Праздничный концерт придумали поделить на два отделения: в первом комсомольцы покажут отрывок из пьесы Островского «Гроза» с Вартаняном, Соколовой, Чернецкой и сестрами Померанцевыми в главных ролях, потом Чернецкой и Ворониной будет исполнен индийский танец девушек, собирающих урожай индийского риса, затем Лапидус и Семененко выступят с сатирическим номером вроде Тарапуньки и Штепселя, потом будет небольшой перерыв и сразу же второе отделение, где на сцену выйдут родители со своей веселой родительской самодеятельностью, после чего, наконец, все вместе – дети и родители – запоют «Синий троллейбус». Так было задумано, и на это приехали посмотреть директор Людмила Евгеньевна со своим новым другом, имени которого не знали даже Нина Львовна с Галиной Аркадьевной, Роберт Яковлевич, учитель истории, с полной, симпатичной, но очень какой-то усталой даже на свежем воздухе женой Симой Самойловной, Зинаида Митрофановна – волосы на прямой пробор и держит крепко за руку внучку Танечку трехлетнюю, оставшуюся по непонятным причинам без отца дочкину дочку, преподаватель физкультуры Николай Иванович, только что хлопнувший холодного пивка на станции, ну и, конечно, гости нашей специальной английской показательной школы номер 23: товарищи из роно и товарищи из Дворца пионеров. Всем товарищам хотелось провести воскресенье на природе, так, чтобы с обедом на полянке, а вечером песни у костра, где, может быть, даже придется с кем-нибудь и пообниматься в еловой прохладе, под медленно гаснущими над головой острыми искрами. С какой-нибудь тоже пассажиркой из синего троллейбуса.

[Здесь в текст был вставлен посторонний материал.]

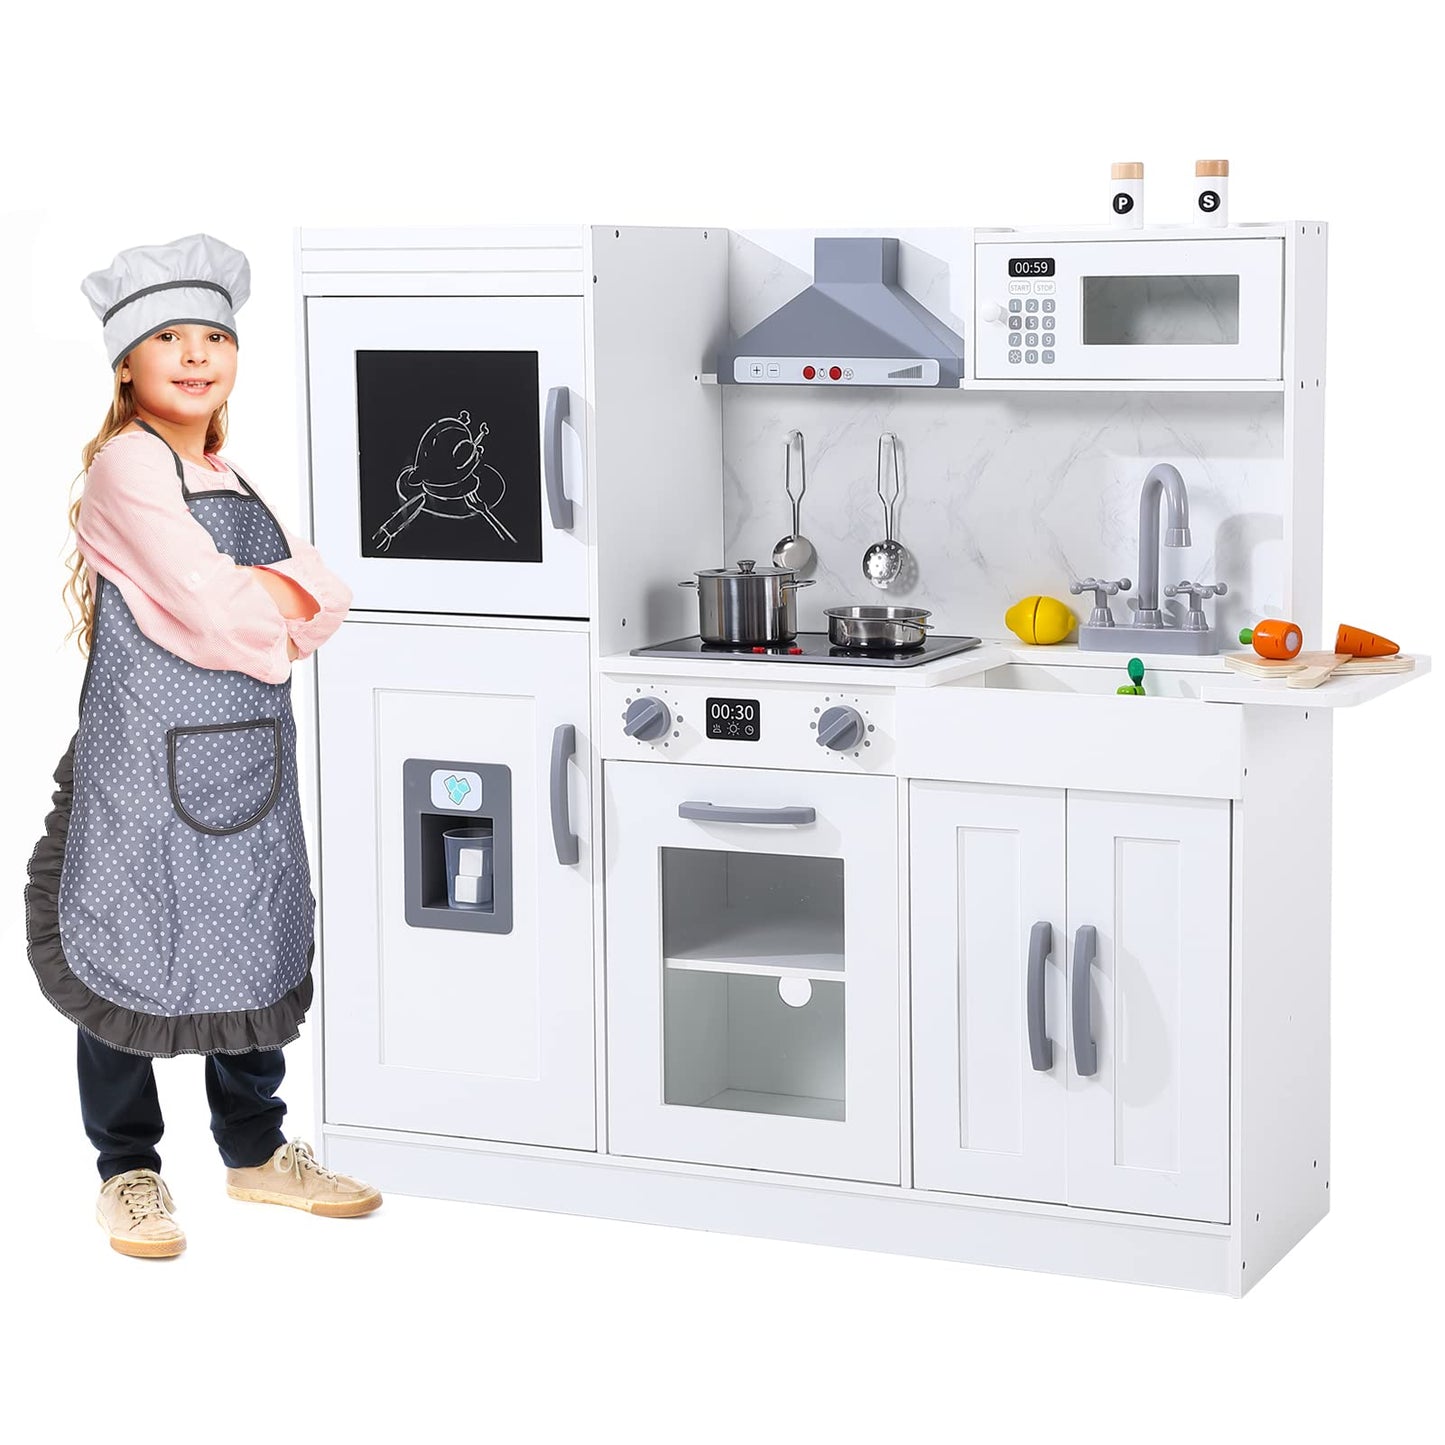 Kids Kitchen Playset, Wooden Chef Pretend Play Set with 20 PCS Cookware Accessories, Wooden Cookware Pretend with Ice Maker, Microwave, Oven, Range Hood, Sink, Real Lights & Sounds拢卢Gray

На обед был суп из консервов «бычки в томатном соусе» и макароны по-флотски, как обычно. Но десерт оказался очень вкусным, потому что мама Анны Соколовой, высокая, как ее дочка, и такая же рыжая, испекла шесть больших яблочных пирогов, так что каждому досталось по небольшому кусочку, да еще Марь Иванна сварила кисель из клубничного брикета. Начали играть отрывок из пьесы Островского «Гроза». Все было хорошо, пока не дошло до появления барыни, которая закричала на Соколову «Все в огне гореть будете!» – а Соколова, вместо того чтобы ужаснуться, расхохоталась своим лошадиным смехом и чуть было не сорвала спектакль.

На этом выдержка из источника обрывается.